Addressing the joint Online Safety Bill committee, which was launched in July 2021 to scrutinise the government’s forthcoming online harms legislation, Denham said that when deciding on the duties of each digital regulator, the government should take into consideration how their obligations overlap and interact, and design “information-sharing gateways” accordingly.
“It might sound like an in-the-weeds legal problem, but we need to be able to share information, because from a competition aspect, a content regulation aspect or a data protection aspect we are talking to the same companies, and I think it is important for us to be able to share that information,” Denham told the committee on 23 September 2021, adding that this would ensure that technology companies, “[some] the size of nation states, are not forum shopping, or running one regulator against another and claiming in the privacy interest that they are going to change third-party advertising processes.”
She further added that while it is important digital regulators “act together in concert… we need duties to respect the other regulatory objectives as well as information sharing between the regulators”.

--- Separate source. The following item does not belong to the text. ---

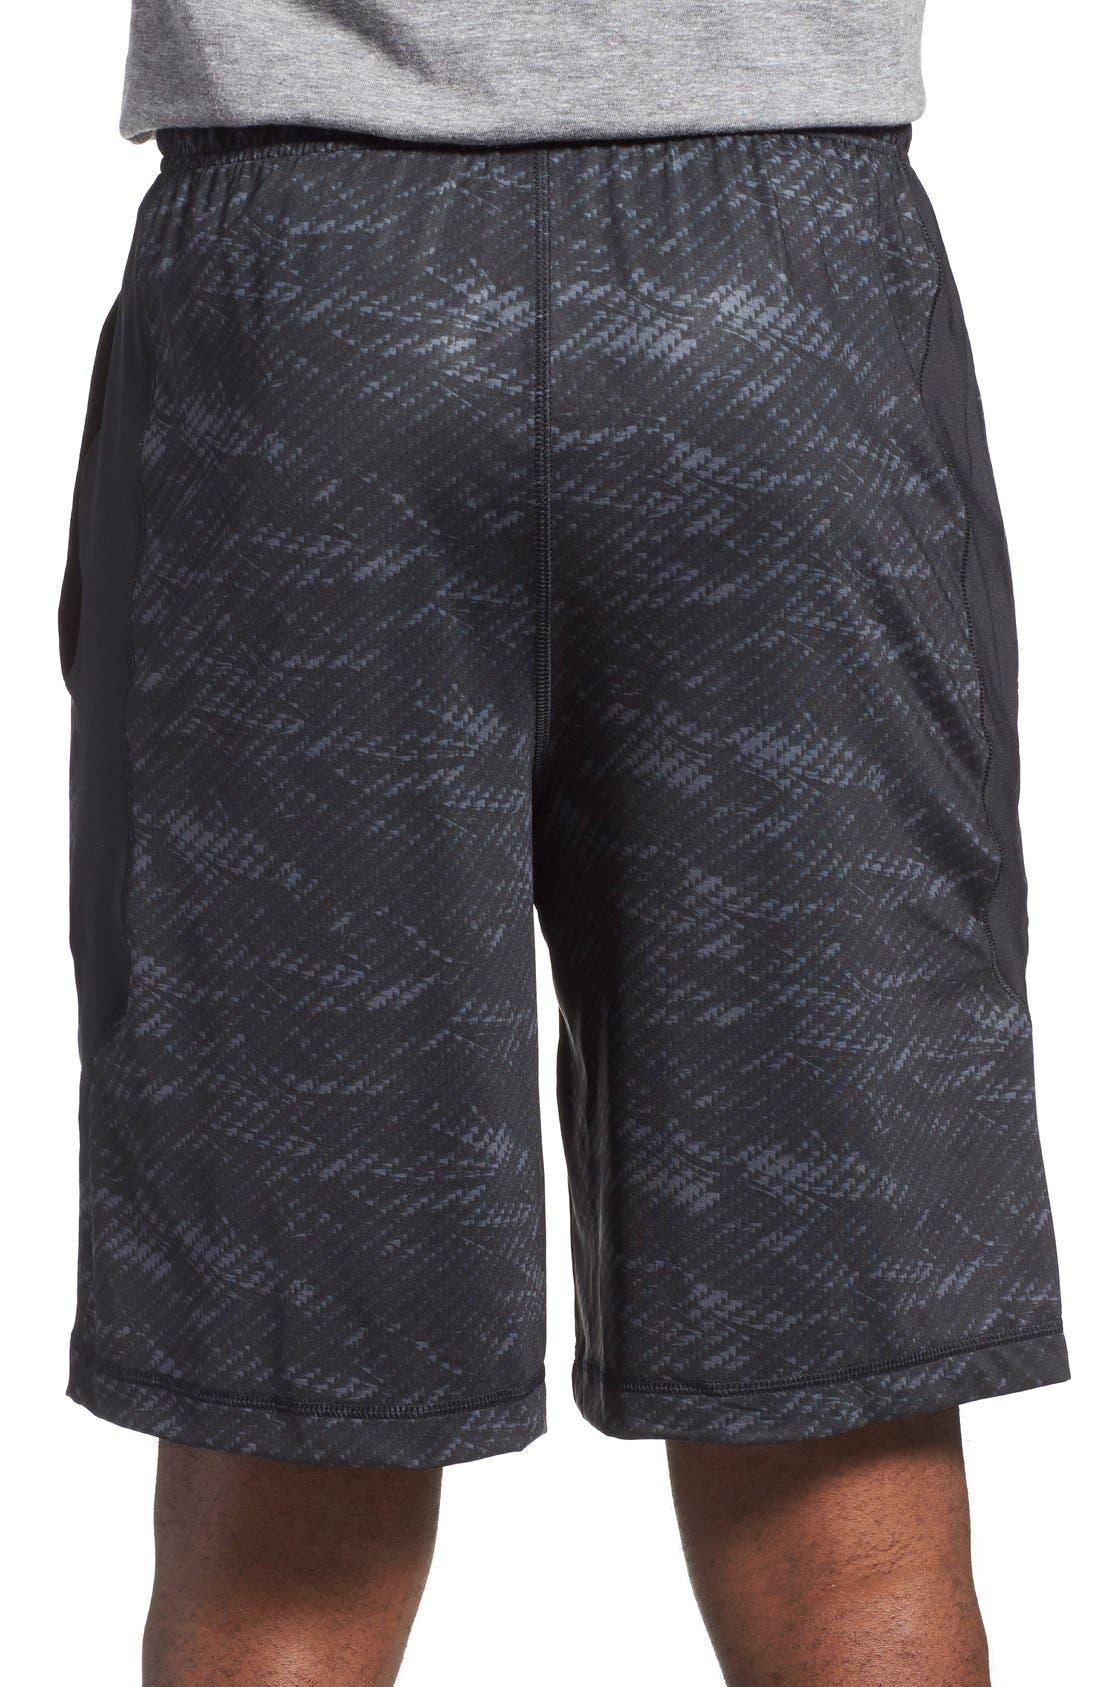 'Raid' HeatGear<sup>®</sup> Loose Fit Athletic Shorts,                             Alternate thumbnail 2, color,                             Black/ Black/ Steel

Under the Online Safety Bill, which the government claims will safeguard freedom of expression online, increase the accountability of tech giants and protect users from harm online, tech companies will have a statutory ‘duty of care’ to proactively identify, remove and limit the spread of both illegal and legal but harmful content, or they could be fined up to 10% of their turnover by online harms regulator Ofcom.
While the Digital Regulation Cooperation Forum (DRCF) was formed in July 2020 to strengthen the working relationships between regulators and establish a greater level of cooperation between Ofcom, the Information Commissioner’s Office (ICO), the Financial Conduct Authority (FCA), and the Competition and Markets Authority (CMA), Denham noted that giving them “equivalent powers”, such as the ability to perform compulsory audits, would prevent the practice of “forum shopping” by tech companies.

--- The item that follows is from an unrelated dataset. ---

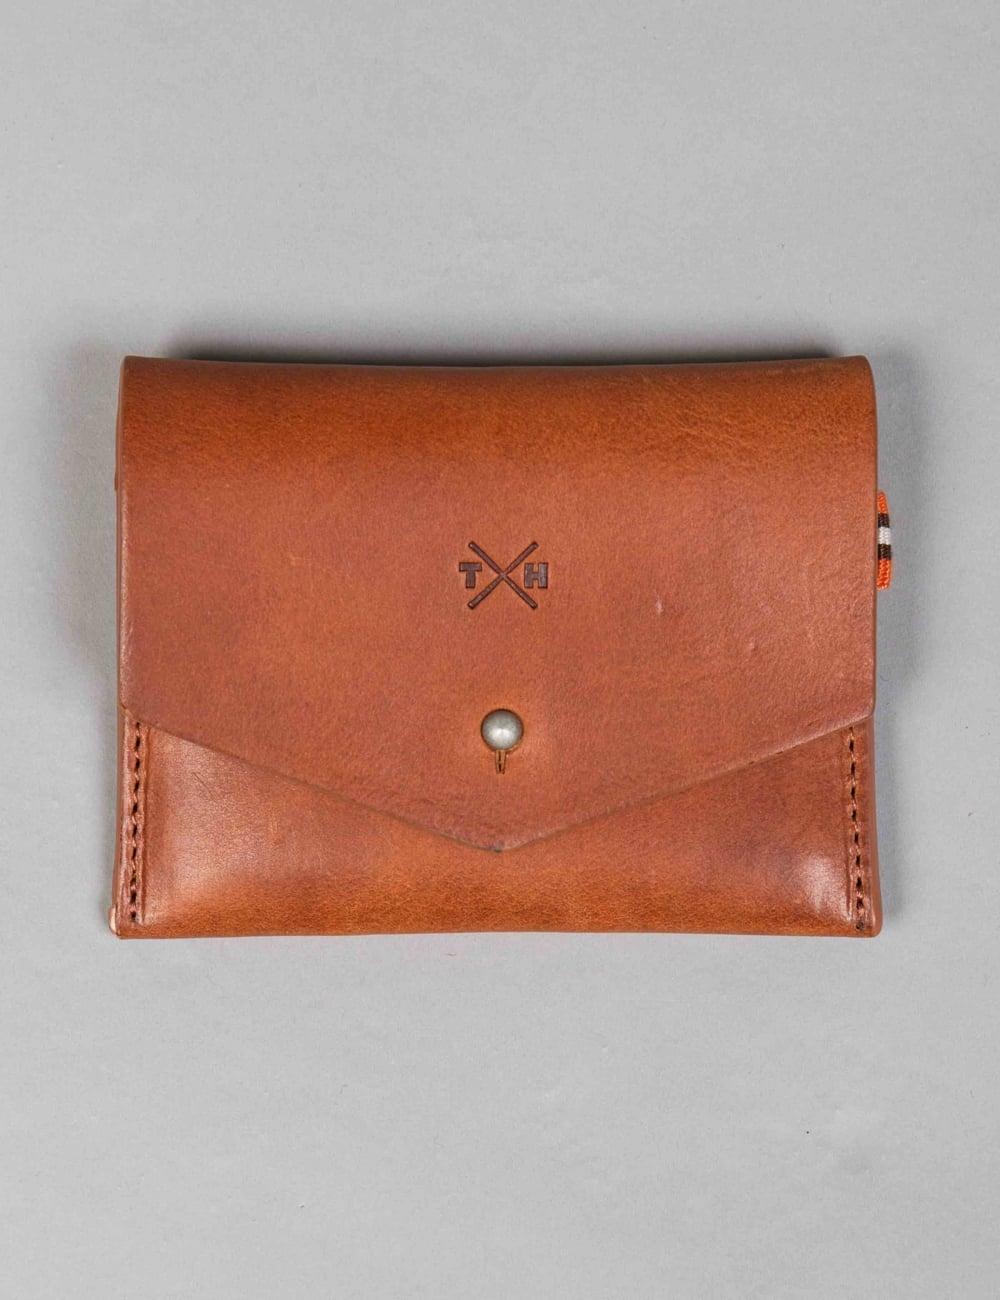 fashion style choose newest enjoy lowest price Chukka Leather Slim Wallet - Tan

“Parliament needs to look at the coherence of regulatory regimes… Equivalence in the kind of powers that we need to be able to tackle these large companies is important. I have mentioned audit powers, and again I think that is important for Ofcom,” she said, adding equivalence in the kinds of powers regulators can exercise is especially important when dealing with the same companies across different regulatory regimes.
On the information-gathering powers contained in the Online Safety Bill specifically, which allows Ofcom to compel companies to provide information so they can be assessed for compliance, Denahm said she would like them “to be bolstered by [compulsory] audit powers” so Ofcom as a regulator can properly “look under the bonnet”.
In response to questions about whether she thinks it is an omission in the Online Safety Bill to not include pathways for individual complaints about content, Denham warned against giving any one body too much to do and advocated for a better division of labour between regulators, using the ICO’s own wide-ranging remit as an example.
“The ICO is both an ombudsman, in that we take individual complaints, and a regulator, when we go in and look at whether companies are complying with the Act. We are also an enforcer. We are a little bit of everything. We use the intelligence that we gather through complaints to drive our more systematic investigations and our big actions,” she said. “I think it puts a lot on the shoulders of one organisation to take individual complaints as well as being in charge of oversight and regulating the space of content.
“If individual complaints could come to a different organisation, that might be a way to go, and then Ofcom could learn from the experience of those individuals, but imagine the millions of complaints for take-down requests that might go to an organisation such as Ofcom.”
Denham further added that while regulatory collaboration and cooperation efforts are already underway, it is important to have “bright lines” drawn between their different determinations so that both the public and private companies have clarity about who is making which decisions.
“Obviously, personal data is used in the delivery of content, and personal data is used if you have algorithms that determine the delivery of content. The content regulator and the data protection regulator will be looking at that very carefully,” she said.
“In the work that we have done with delivery of content to children through our age appropriate design code and the work we have done on electoral interference, we looked at analytics and algorithms to deliver content to people that sent them down into profiles and filters, and took them away from the public sphere. There, I think you have an intersection. We do not regulate content, but we regulate the use of data in systems that deliver content.”